Review History


All reviews of published articles are made public. This includes manuscript files, peer review comments, author rebuttals and revised materials. Note: This was optional for articles submitted before 13 February 2023.

Peer reviewers are encouraged (but not required) to provide their names to the authors when submitting their peer review. If they agree to provide their name, then their personal profile page will reflect a public acknowledgment that they performed a review (even if the article is rejected). If the article is accepted, then reviewers who provided their name will be associated with the article itself.

View examples of open peer review.

Summary

  • The initial submission of this article was received on June 6th, 2024 and was peer-reviewed by 3 reviewers and the Academic Editor.
  • The Academic Editor made their initial decision on October 15th, 2024.
  • The first revision was submitted on October 30th, 2024 and was reviewed by 3 reviewers and the Academic Editor.
  • The article was Accepted by the Academic Editor on November 17th, 2024.

Version 0.2 (accepted)

· Nov 17, 2024 · Academic Editor

Accept

The paper was well improved and I believe it is now Acceptable.

[# PeerJ Staff Note - this decision was reviewed and approved by Xiangjie Kong, a PeerJ Section Editor covering this Section #]

Reviewer 1 ·

Basic reporting

I was surprised to see that our three reviewers raised 45 comments in total, and overall, the authors have provided detailed responses and supplements.

I have reviewed all the review comments and the new version of the manuscript with 4 hours.

During my previous reading, due to issues with the presentation, I indeed did not understand the method's motivation. This version has made it somewhat clearer to me.

The current version basically meets the publication requirements of this journal. However, I would like to offer some additional suggestions to the authors.

In Figure 1, the second scenario actually represents a path to obtain effective non-negative rewards, which can be referenced in the paper "Relay Hindsight Experience Replay: Self-guided continual reinforcement learning for sequential object manipulation tasks with sparse rewards". The key insight here is that in GCRL, the achieved goal needs to be changed by the agent's actions, and exploration guidance is necessary to achieve relatively high sample efficiency.
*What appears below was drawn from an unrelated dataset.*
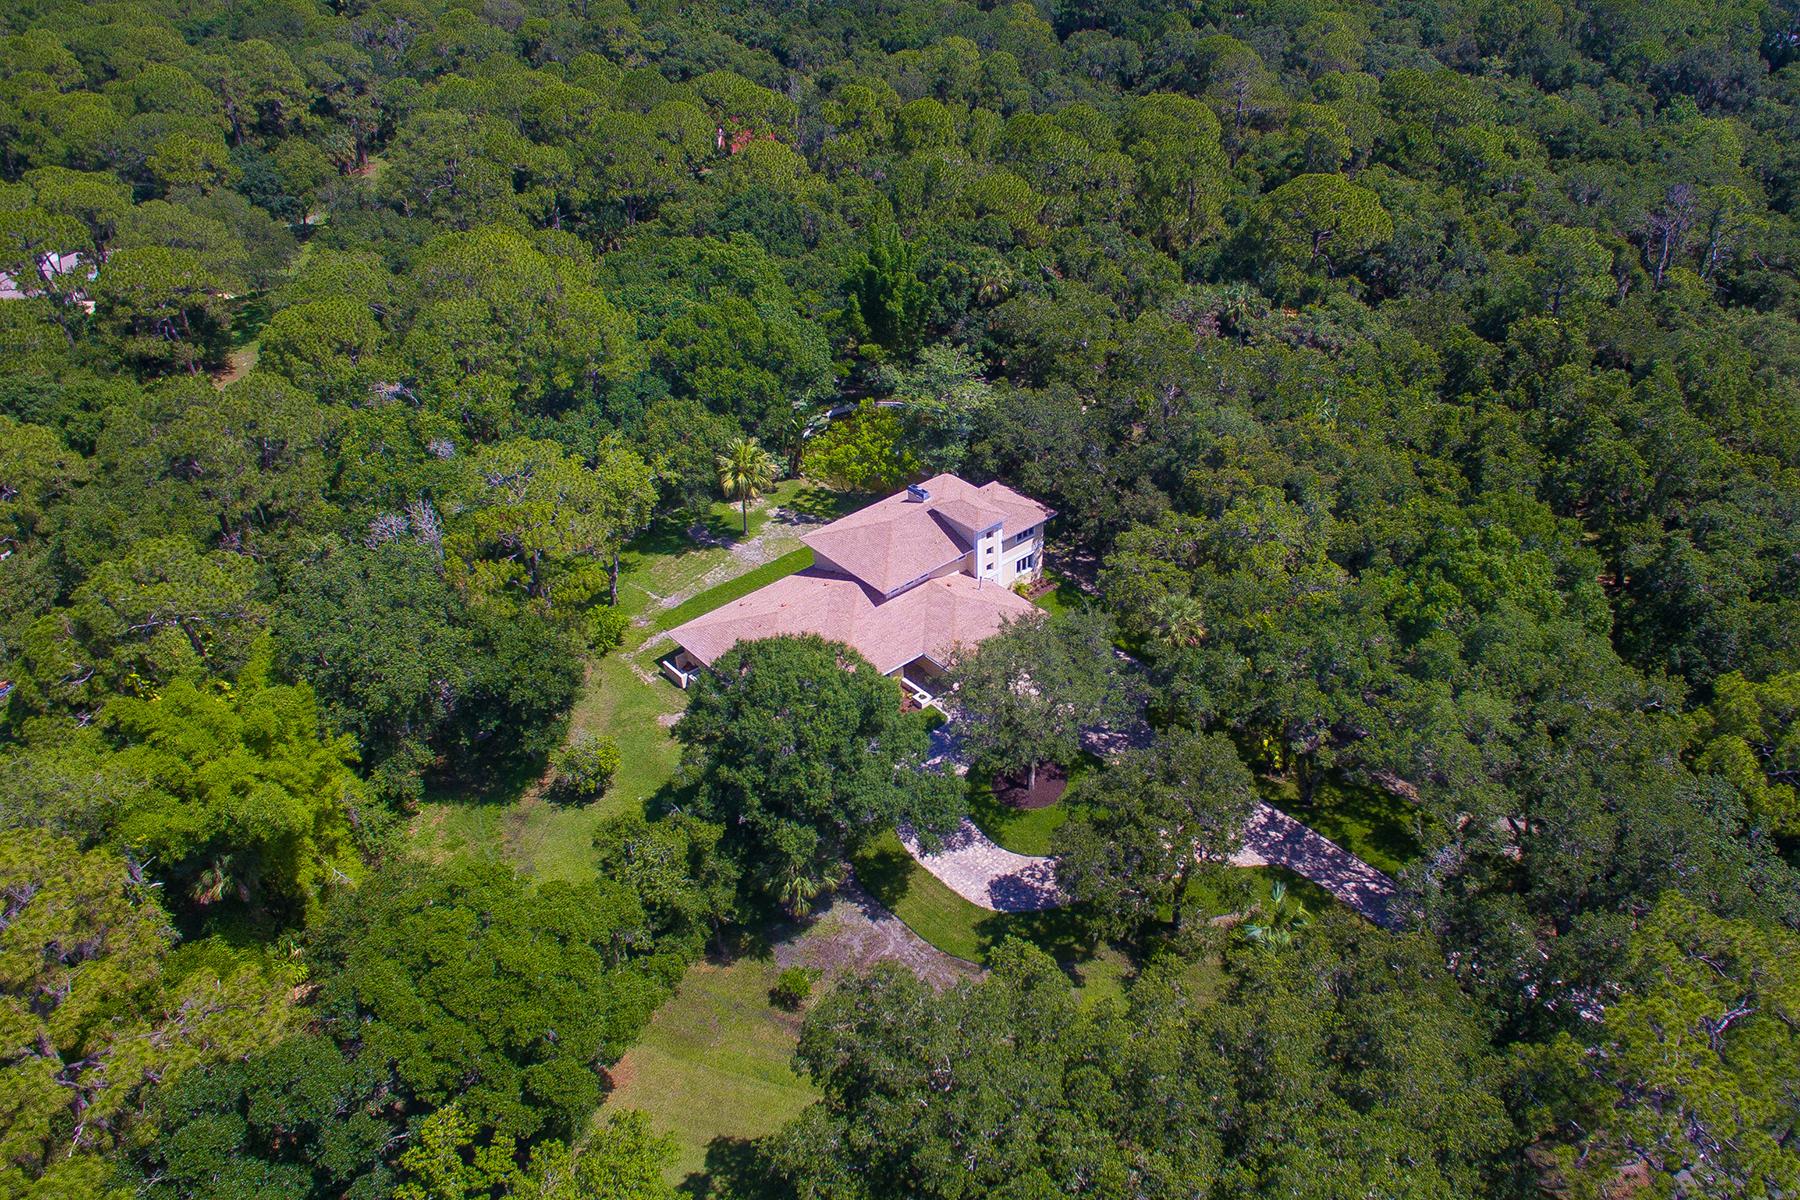 Частный односемейный дом для того Продажа на BLOOMING GROVE ESTATES 3600 Azalea Ln Sarasota, Флорида, 34240 Соединенные Штаты

Comparatively, the aforementioned work still doesn't fully utilize the data, which corresponds to the third scenario in Figure 1. The goal space data augmentation can be further enhanced, as referenced in "Invariant transform experience replay: Data augmentation for deep reinforcement learning". The key insight here is that besides sampling hindsight goals from agent-explored achieved goals, sampling can be done across the entire goal space. Crucially, the sampling size here is substantial, covering the entire object space, such as within 5cm of the achieved goal + the entire goal space.

Based on these literature and my experimental experience, for Fetch series tasks, using the original HER's Future strategy can achieve 4x data augmentation. Additionally, it's possible to achieve 16x more data augmentation, meaning there can be 1 original exploration sample + 20 augmented samples. I haven't published these experimental data, and after completing my Ph.D., I'm no longer interested in pursuing this. However, the authors are welcome to try this approach.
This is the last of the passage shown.